- PROBLEM -
Give back the full listing exactly, setting the pictures aside.

[DATASET EXCERPT Boundary: Start]

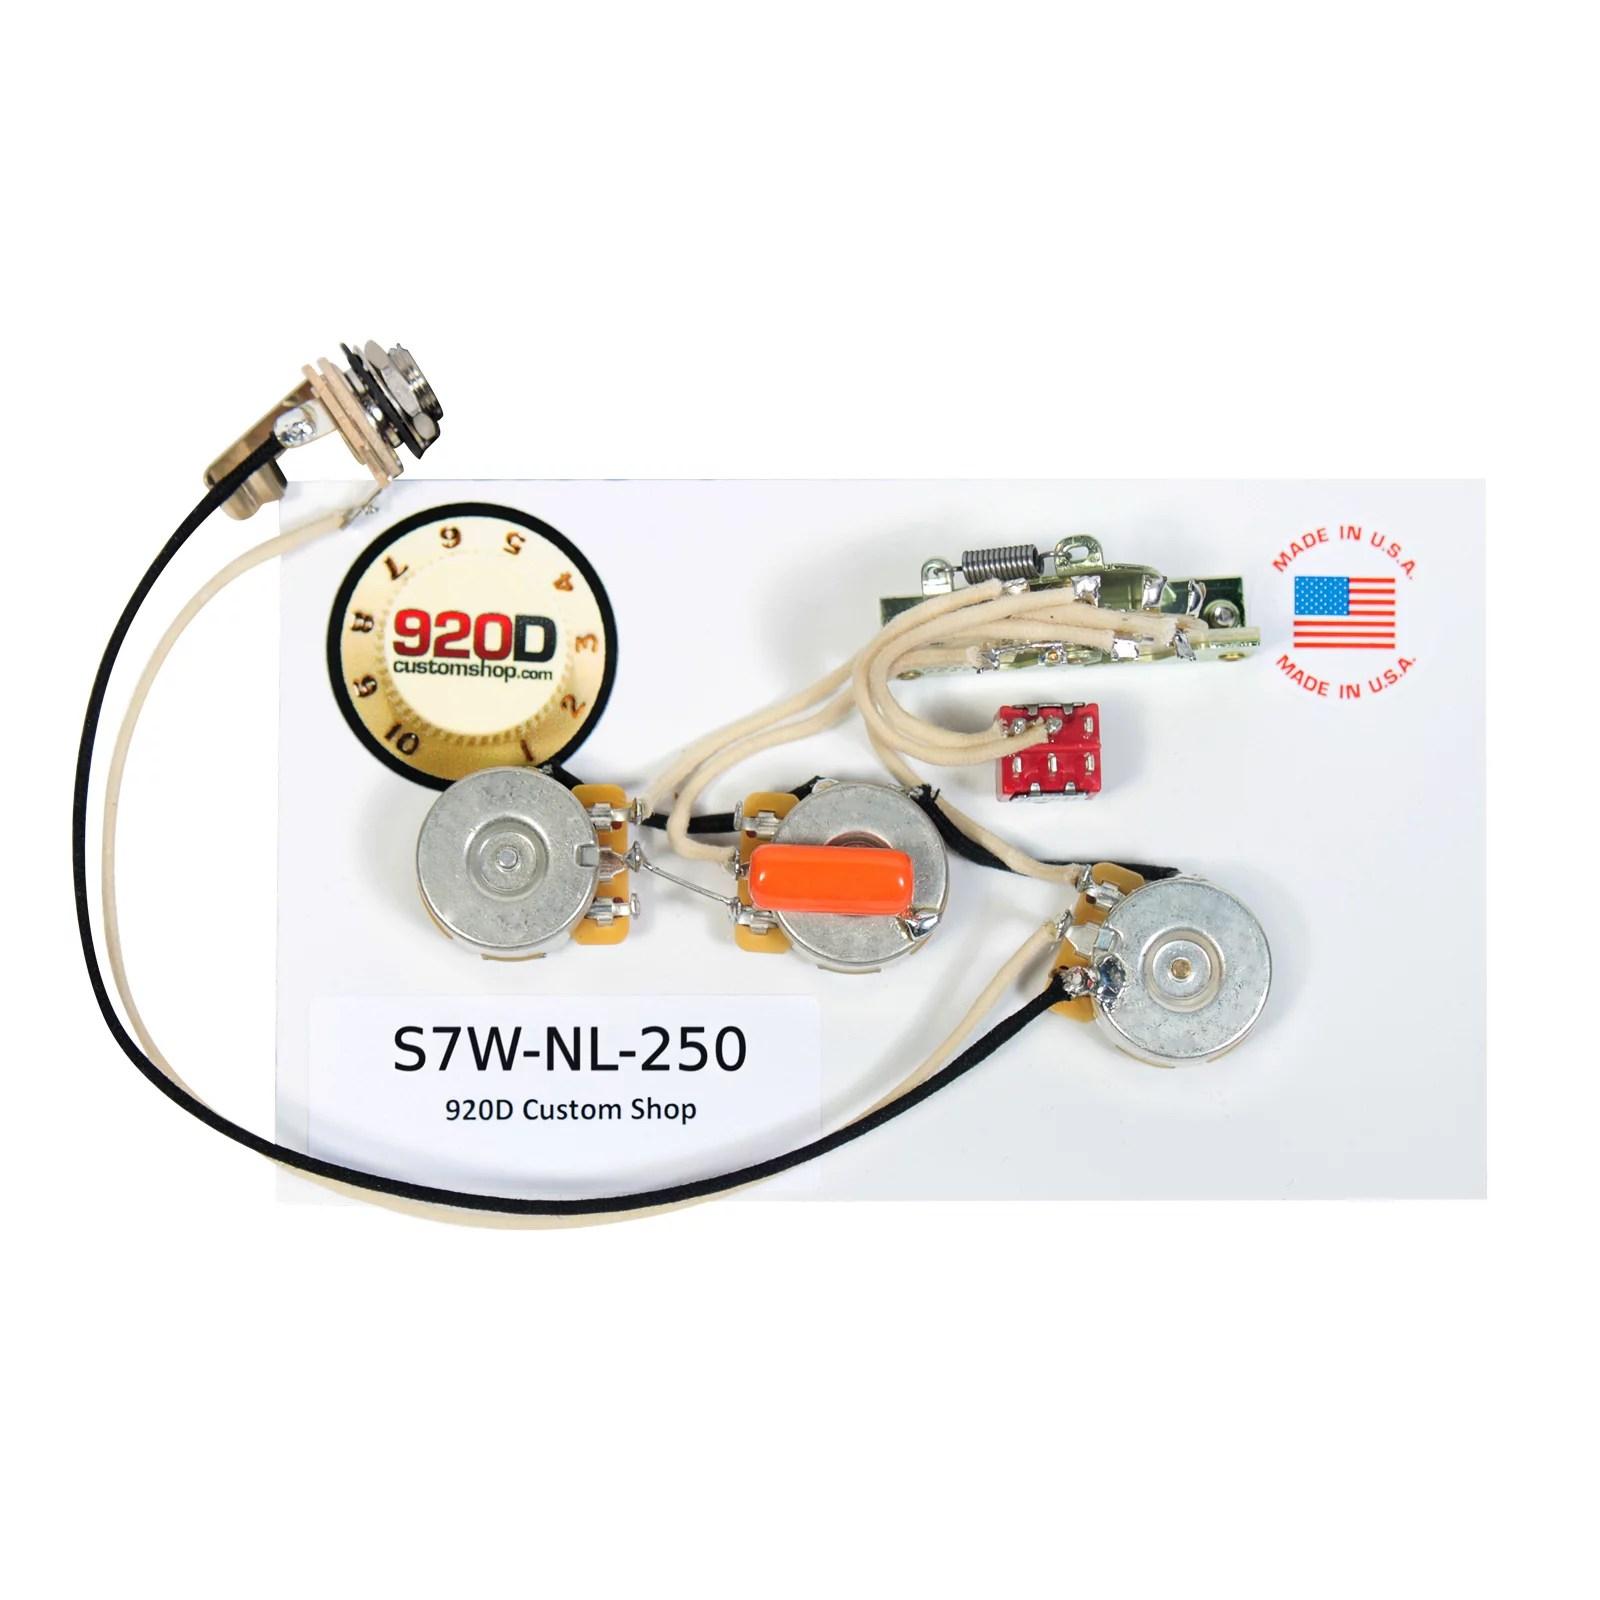 hight resolution of fender strat 7 way wiring kit w 2 no load 250k 022 f cap fender esquire wiring kit fender wiring kit
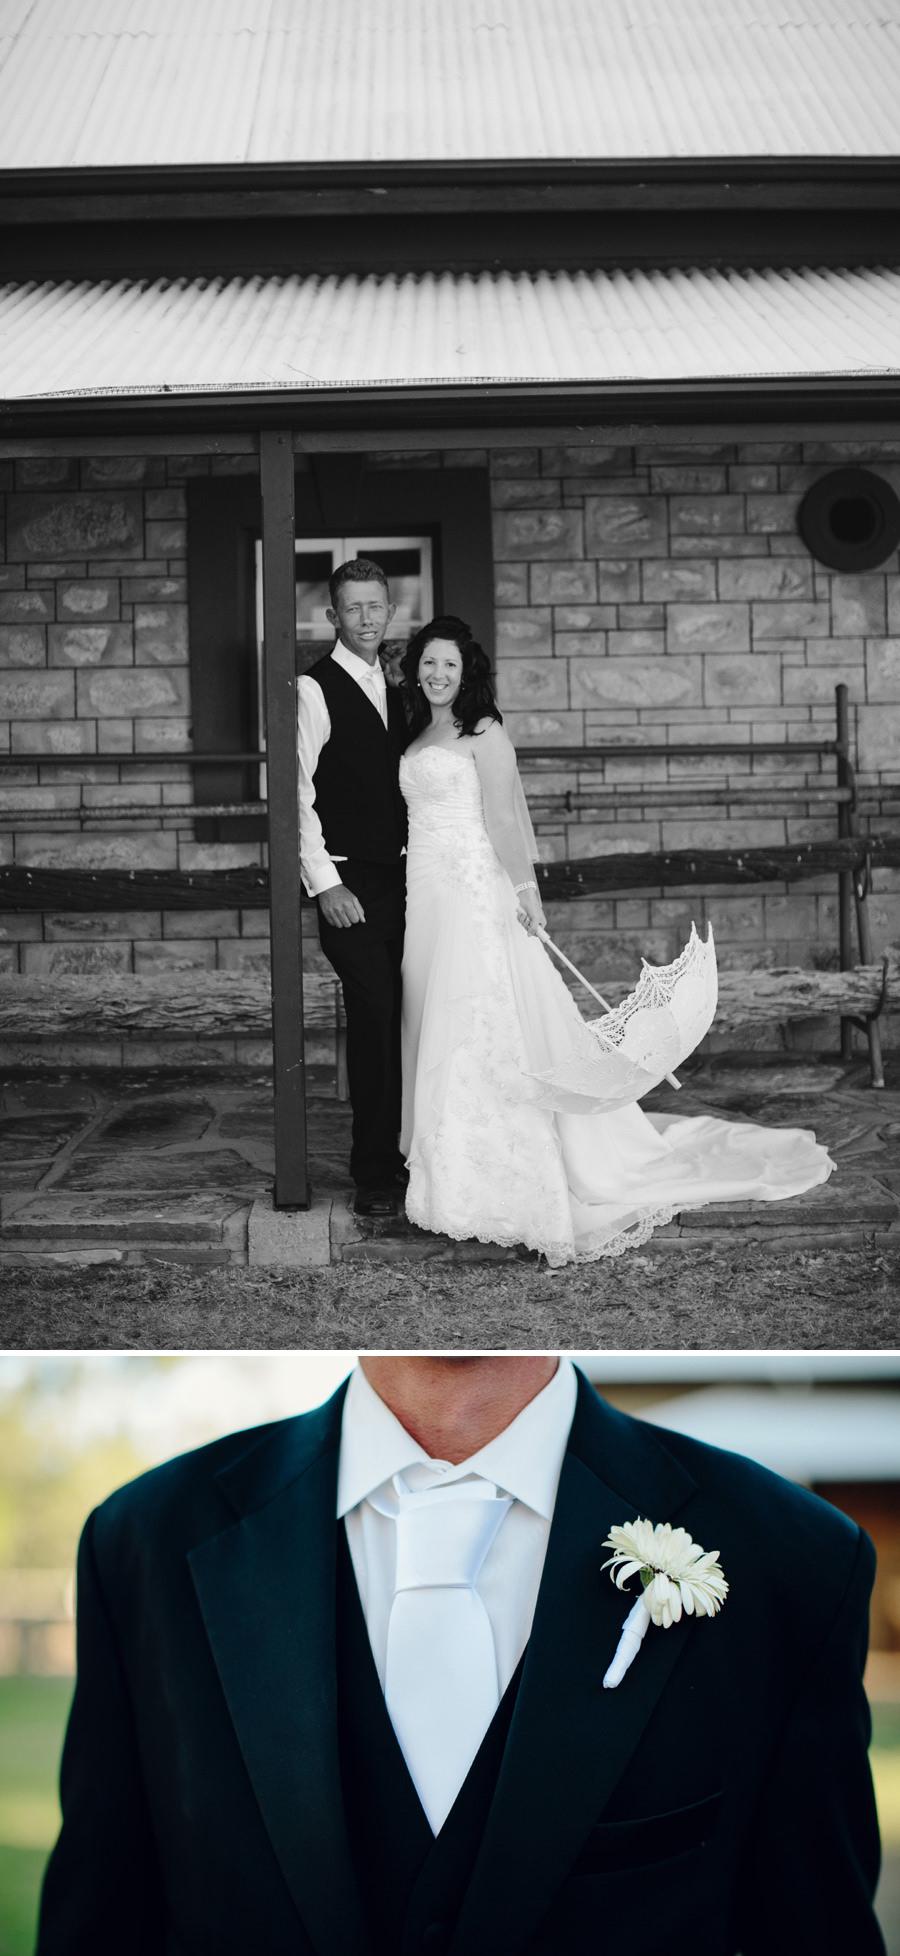 Telegraph Station Wedding Photographers: Bride & groom
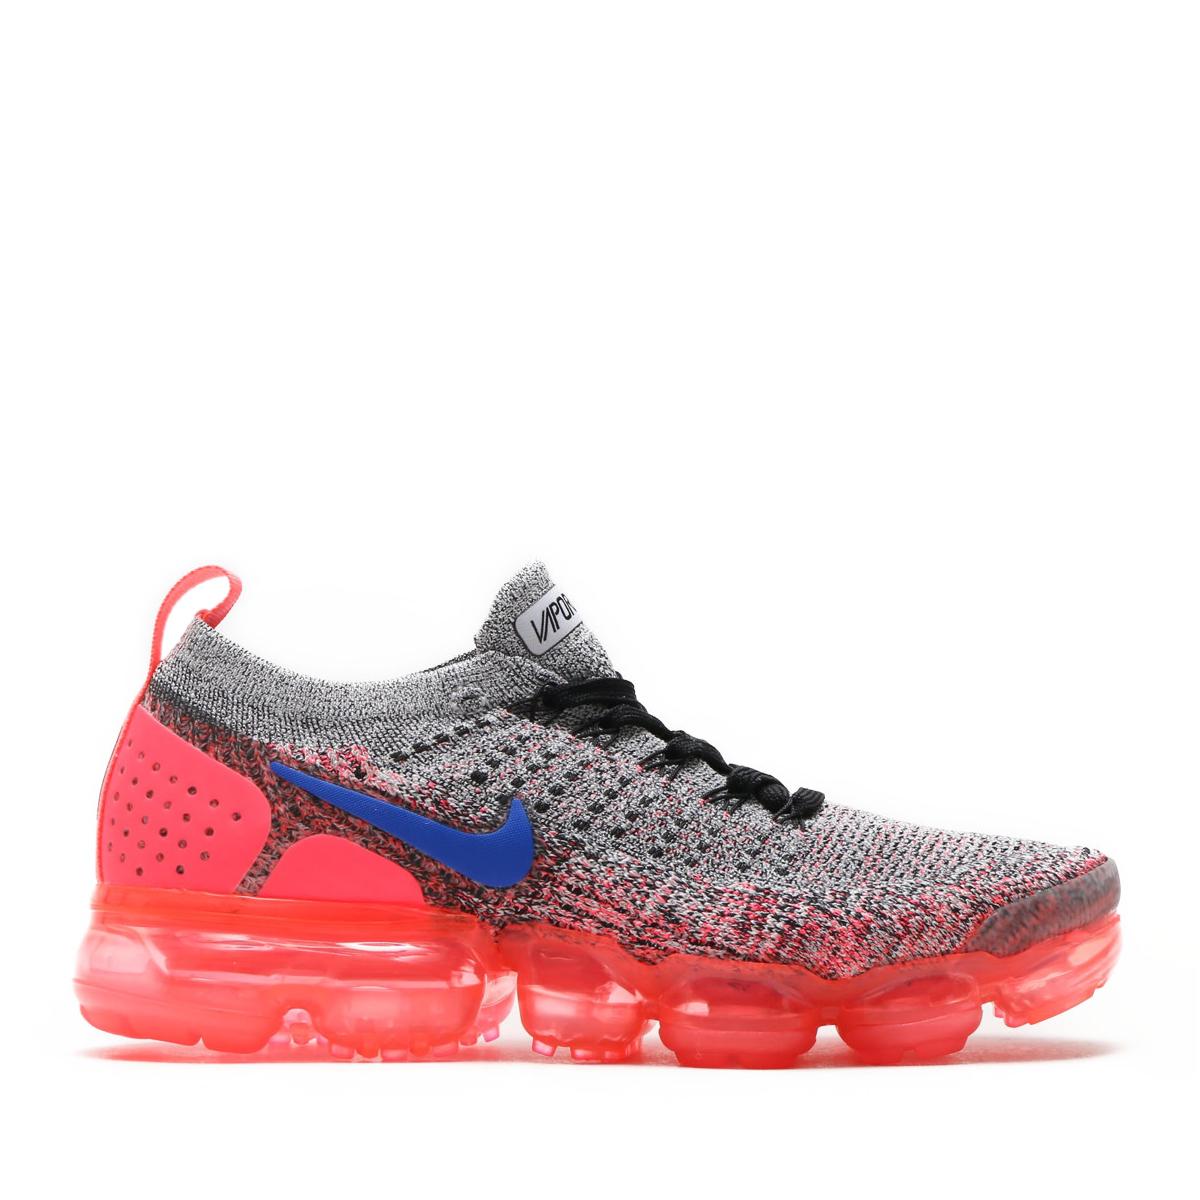 f98752c96f8 NIKE W AIR VAPORMAX FLYKNIT 2 (Nike women air vapor max fried food knit 2)  (WHITE ULTRAMARINE-HOT PUNCH-BLACK) 18SU-S

[DATASET EXCERPT Boundary: End]

- TASK SOLUTION -
 hight resolution of fender strat 7 way wiring kit w 2 no load 250k 022 f cap fender esquire wiring kit fender wiring kit
 Telegraph Station Wedding Photographers: Bride & groom
 f98752c96f8 NIKE W AIR VAPORMAX FLYKNIT 2 (Nike women air vapor max fried food knit 2)  (WHITE ULTRAMARINE-HOT PUNCH-BLACK) 18SU-S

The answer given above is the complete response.